Hoy que Morena tiene un Instituto de Formación Política claro, es necesario reforzarlo y hacer que su trabajo sea un filtro efectivo no sólo para labrar candidaturas sino también órganos de dirección de la propia organización partidista. Saber la historia de un movimiento no es una exquisitez erudita, sino una necesidad que aclara qué principios se tienen y que discierne entre quienes buscan estar ahí como parte de un proyecto y quienes sólo buscan a la política como una plataforma de lucro personal.
Y ahí radica el segundo reto de Morena, consistente en retomar las palabras de uno de su fundadores insignes: Agustín Ortiz Pinchetti. Primer secretario de valores morales del partido, en 2014 él blandía una tesis importante, al señalar que la corrupción puede ocurrir en cualquier organización, pero lo que hace distinto y democrático a un partido es su capacidad de combatir la impunidad y saber asumir una responsabilidad política.
Ahí está el reto que no sólo es de Morena sino de la democracia mexicana: aprender a asumir las consecuencias de los actos y sancionar -institucional o socialmente- a quienes tengan algún débito al respecto. Hoy el partido tiene una oportunidad de oro de retomar a sus principios fundacionales.
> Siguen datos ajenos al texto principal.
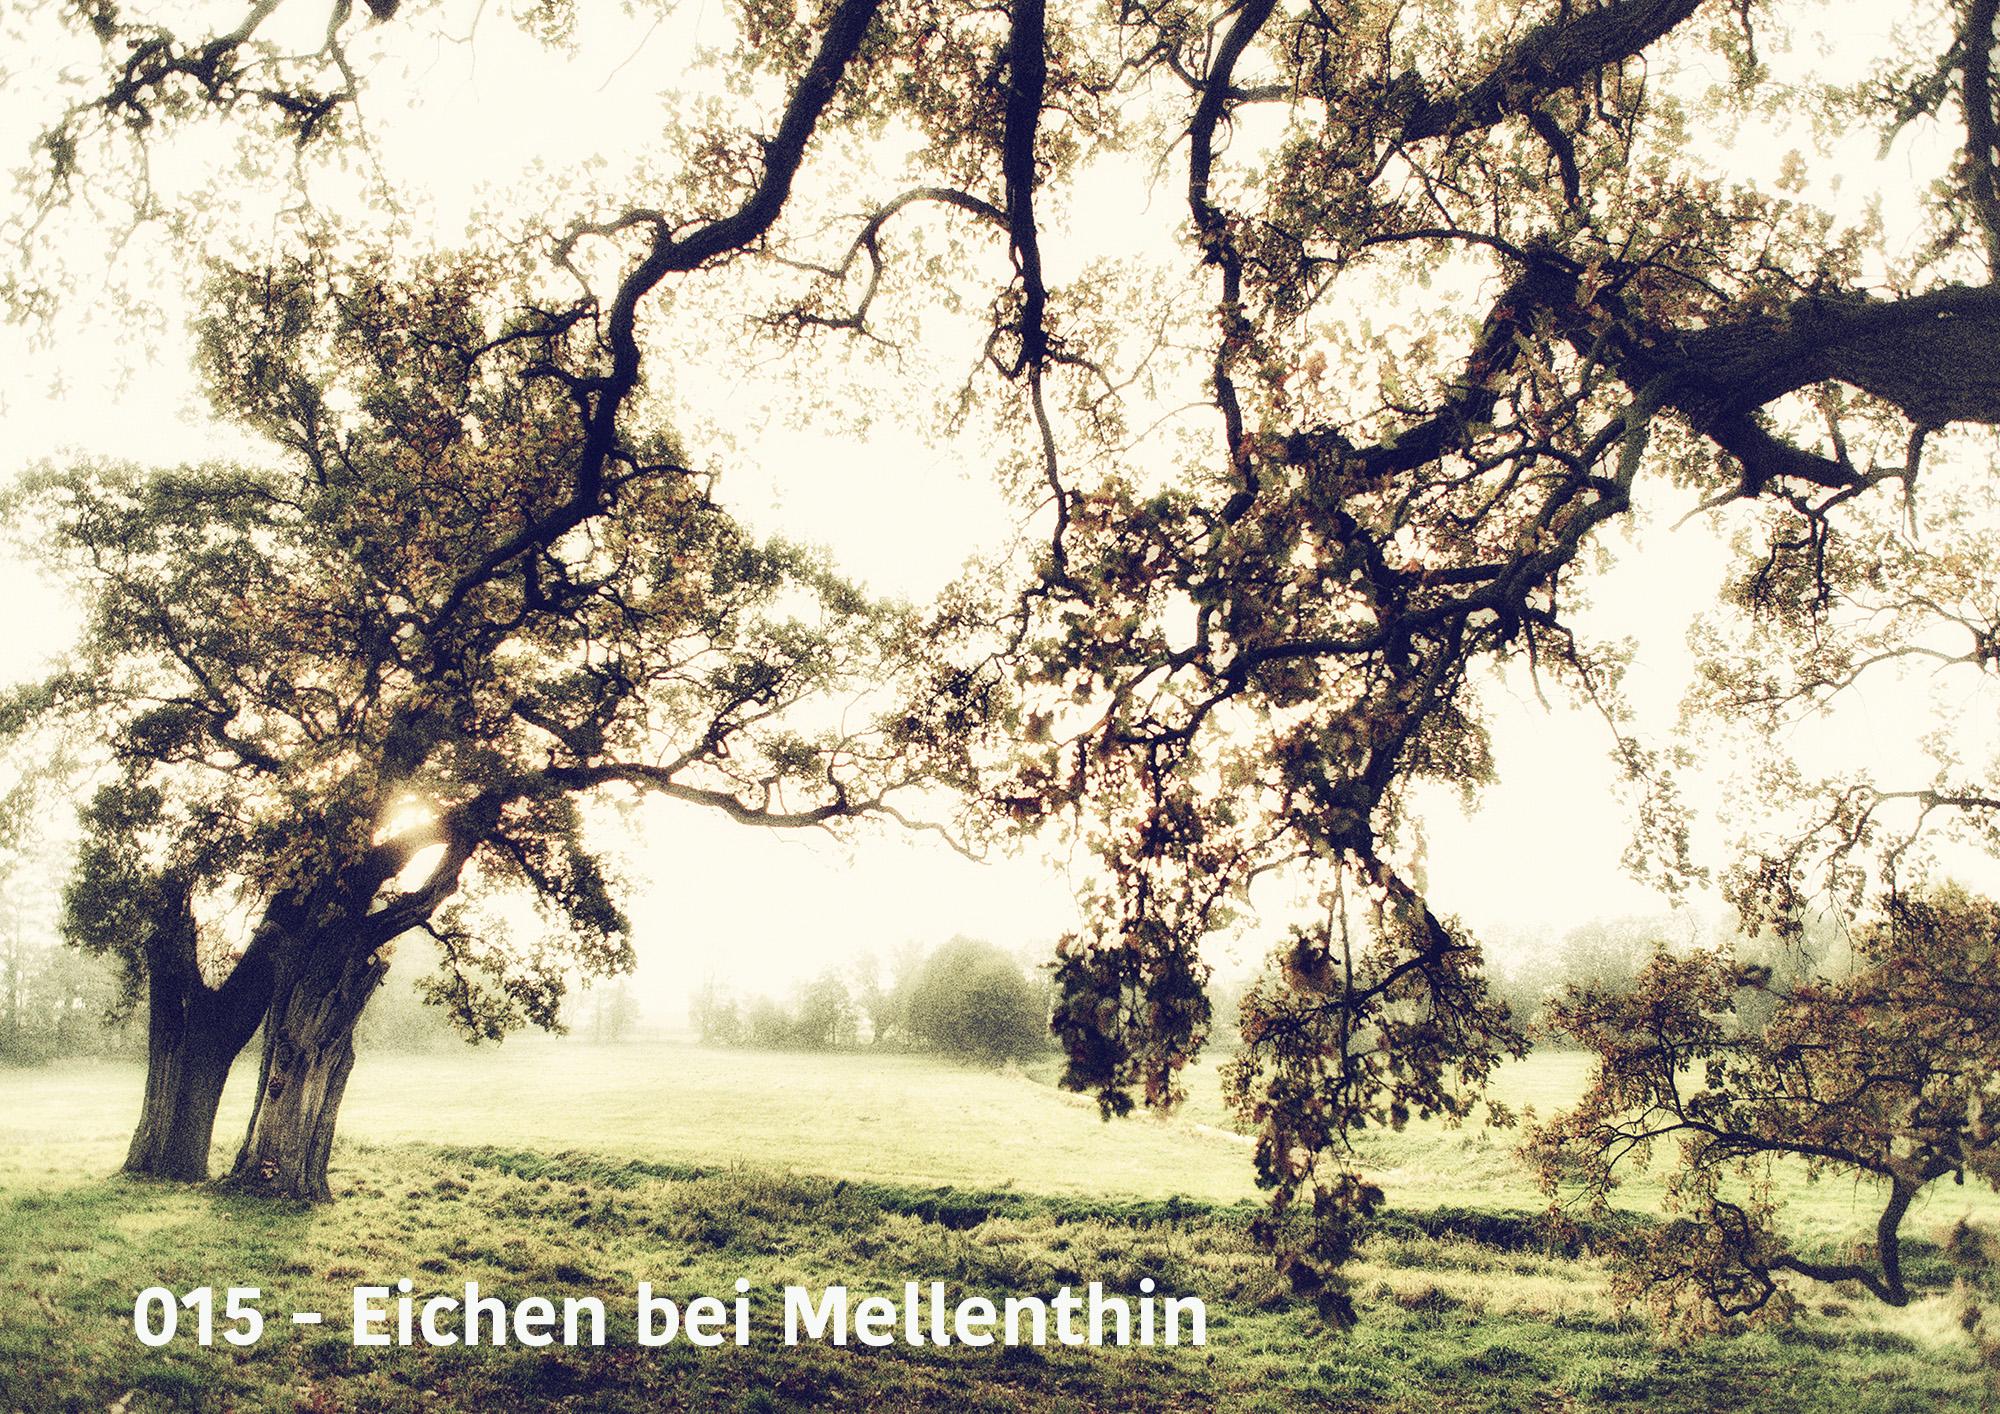 Usedom Motive (1) Canvasleinwanddruck auf Keilrahmen 60 x 80

Basta que en vez de respaldo acrítico a quienes cometieron un crimen, o cometieron un error, simplemente asuman que hay un proyecto por proteger y que ese bien mayor requiere congruencia.
En el caso concreto, por ejemplo, de un personaje como Adán Augusto López Hernández, basta con que él mismo deje en claro que entiende que, aunque él no haya cometido ilegalidad alguna nunca en su vida, uno de sus colaboradores directos de gobierno está bajo sospecha fundada de sí haberlo hecho. Creamos en su palabra de que él no sospechaba nada. Aun cuando así fuera, sería muy decoroso que asumiera por lo menos la equivocación en público e hiciera todo lo logística y administrativamente posible para que la investigación avance. Asumir responsabilidades y generar autocrítica es, en un partido que hoy tiene triunfos inusitados y una legítima preeminencia, paradójicamente, una vía no para mostrar debilidad, sino acrecentar su fortaleza.